Question

排尿回数が少なく、病気かと心配

朝、起床時にトイレに行くのですが、(おしっこの出に)勢いがありません。また、朝に行ってから、仕事の日だと夕方までトイレに行くことはありません。意識して飲み物を飲んだりはしていますが、行きたくならないのです。以前、膀胱炎、尿管結石、腎盂腎炎になりました。冬になるととくに飲み物をとらなくなるため、心配です。

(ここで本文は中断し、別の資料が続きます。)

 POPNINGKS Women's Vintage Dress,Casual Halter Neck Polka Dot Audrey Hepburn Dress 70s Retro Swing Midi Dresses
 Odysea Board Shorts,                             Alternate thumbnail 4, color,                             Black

何か病気かと考えてしまいます。

女性/40代

2022/01/28

Answer

1日の排尿回数が少ないので病気を心配なさっているのですね。排尿は生理的な現象ですが、異常を自覚しやすい症状の1つでもあります。今回は排尿についてご説明しましょう。


尿の生成と排せつに関係する腎臓、尿管、膀胱、尿道の臓器を尿路系といいます。腎臓は尿の生成を、尿管から尿道までの尿路は尿を輸送する機能を果たしています。

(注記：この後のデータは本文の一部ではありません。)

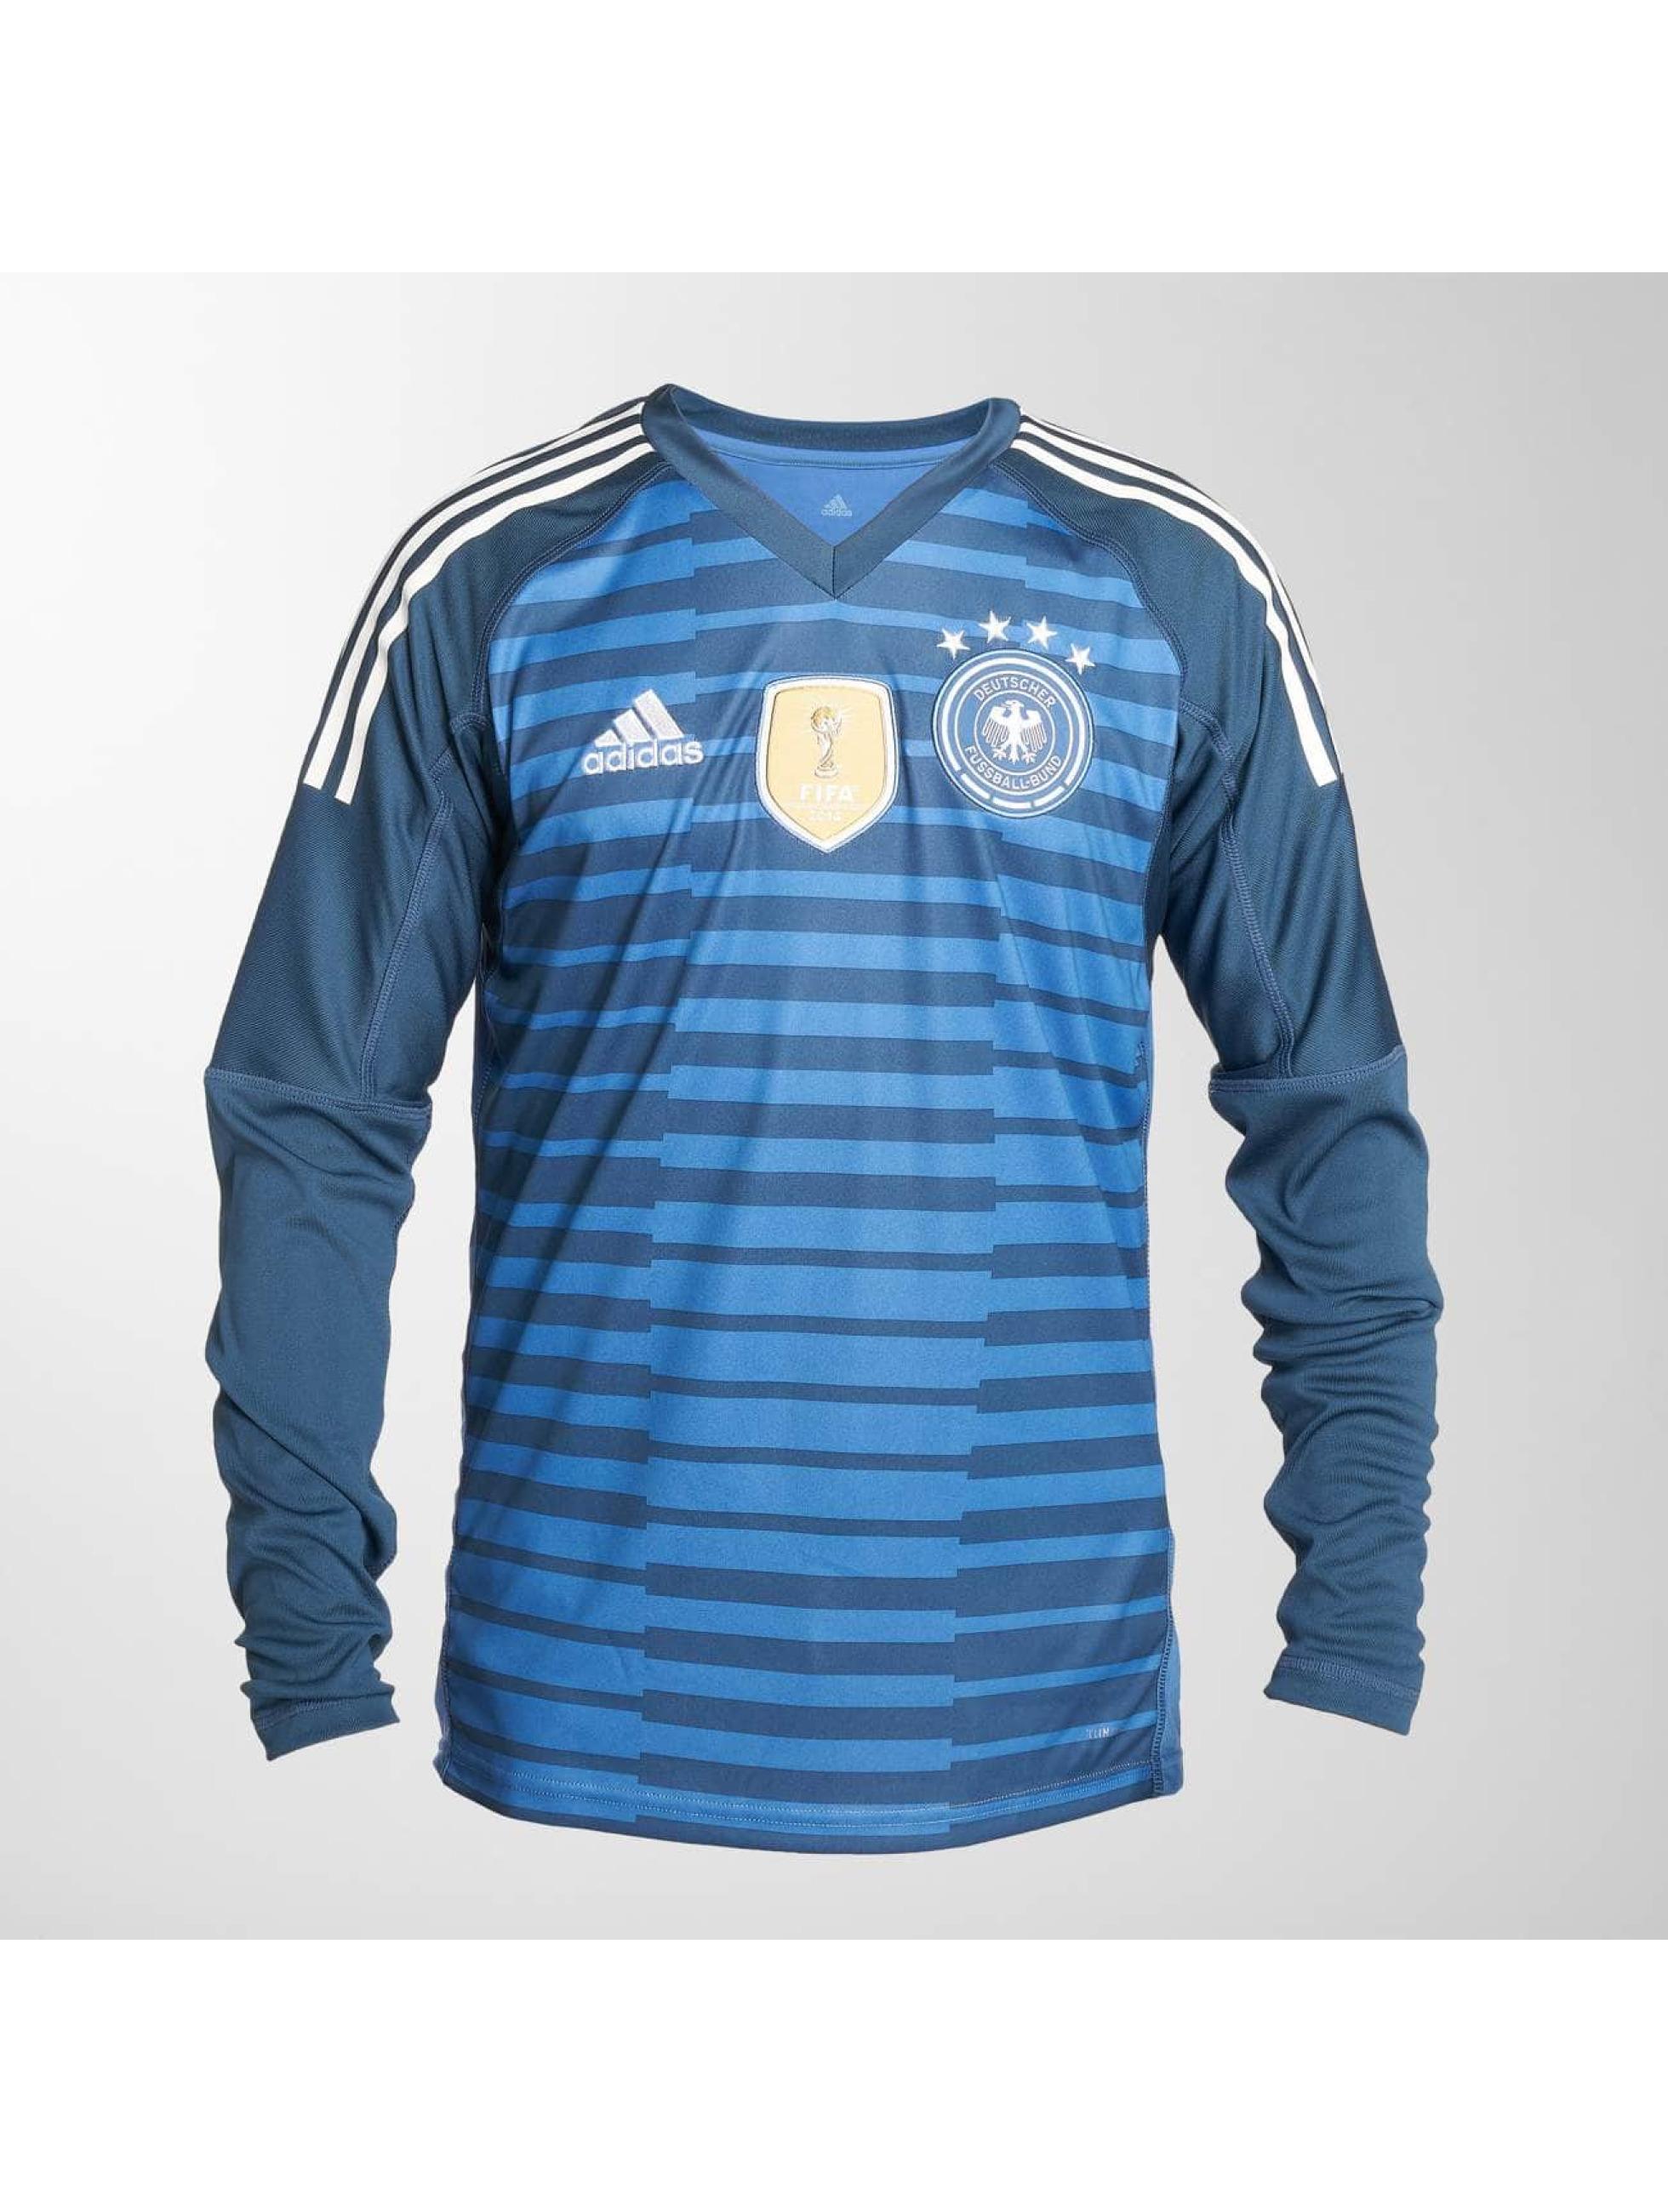 adidas Performance Trikot DFB Home Jersey blau

腎臓は、尿を生成して体液(血液や組織液)の水分量やその成分などの調整機能も担っています。腎臓や尿路に重い病気が起こると、からだの中の水分や電解質のバランスが乱れ、体内に水分がたまってむくんだり、過剰に水分や塩分が排泄され、脱水状態になります。

尿路系の問題は、初期は自覚症状がないことも多く、尿検査で病気が発見されることはよくあります。


尿量や回数が少ないと感じたときはまず、1日の排尿量と回数を確かめてみましょう。1日の尿量は条件によって変化しますが、成人の平均的な尿量は1000~1500mℓです。尿は体内の老廃物を排せつする大切な役目があるので、最低でも日に500 mℓ以上の排尿が必要です。1日50 mℓ 以下は、無尿という非常に悪い状態です。排尿の回数に関係なく1日の尿量が少ない場合は健康面の注意が必要です。500ml以下は「乏尿(ぼうにょう)」と呼び、健康に影響する状態です。

尿量が1日500ml程度でも、元々摂取水分量が少なく、なかなかトイレに行けない運転手やサービス業などの方には、病気でなくてもこのようなケースが散見されます。


排尿量が少ないと、本来排せつされるはずの老廃物が体内にとどまり、水分を制限すると尿が濃縮され、尿中の成分が濃く、固まりやすくなります。これは、腎臓や尿管の結石の原因となり得ます。病気で水分制限の指示がある場合以外は、1日の尿量が1000〜1500mlになるよう、水分摂取することが望まれます。


また、排尿量が少なく、老廃物を含む濃い尿が膀胱にたまると、尿道口付近にある細菌などが尿道を逆行して膀胱に至り、膀胱炎を起こすことがあります。予防には、水分を十分にとり尿量を増やし排尿すること、内から外へ洗い流すことが大切です。


尿が出にくい、勢いが弱い、排尿にお腹に力を入れる必要がある、といった排尿時の症状は、膀胱から尿道出口への通過が妨げられ、膀胱がうまく収縮できない場合に起こります。生活に支障が出たり、気になる症状や排尿にまつわる心配が長く続く場合は、泌尿器科を受診し、背景に病気がないかを確かめるとよいでしょう。